On value, the court ruled that the purchase prices and leasing instalments paid by CDC’s assignors, as captured by CDC, are the appropriate basis for the calculation of damages, rather than prices paid by dealers. It also accepted CDC’s methodology for estimating missing pricing data in cases where exact information was no longer available.

Emissions-related claims

CDC had also argued that the delayed introduction of emissions-reducing technologies led to higher operating costs, including increased fuel consumption and toll expenses. The court did not accept this claim, finding that the alleged damages had not been sufficiently substantiated.

Limitation period

The court rejected arguments from the defendants that the claims were time-barred under Dutch law. It held that the limitation period did not begin until 7 April 2017, when a summary of the European Commission’s decision was published in the Official Journal of the European Union. As the proceedings were initiated within five years of that date, the claims were deemed timely.
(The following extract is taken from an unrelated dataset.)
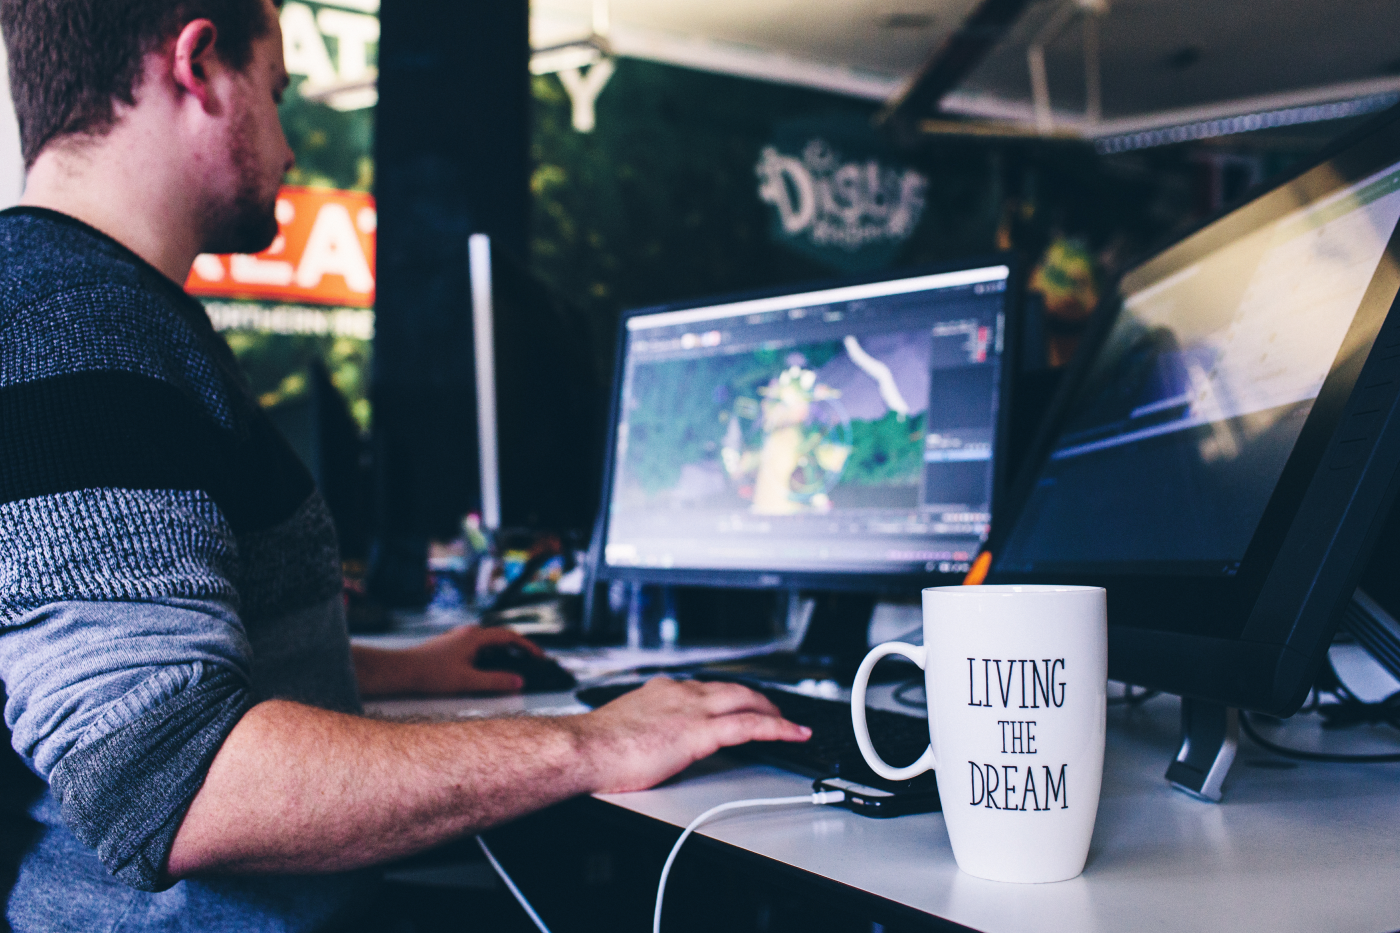 White male animator working at a desk in a creative studio

The court also dismissed arguments based on the 20-year objective limitation period, concluding that it only commences to run once the infringement has ceased. 

Passing-on defence

The court addressed the so-called passing-on defence, under which defendants argue that any overcharge was passed on by purchasers to their own customers and should therefore reduce recoverable damages.

At this stage, the court did not reach a final determination on this issue. It confirmed that the burden of proof lies with the defendants but indicated that further examination is required. The parties have been invited to continue the debate on this point in subsequent submissions.

Next steps in the proceedings

The court emphasized that its ruling is interim and that a final judgment will not be issued until the Court of Justice of the European Union provides guidance on questions referred by the Dutch Supreme Court regarding the applicable law.

In the meantime, the parties have been invited to submit further submissions on the quantification of damages. These concern:

  • the final determination of the value and volume of commerce, reflecting the decisions by the court; and
  • the treatment of the passing-on defence.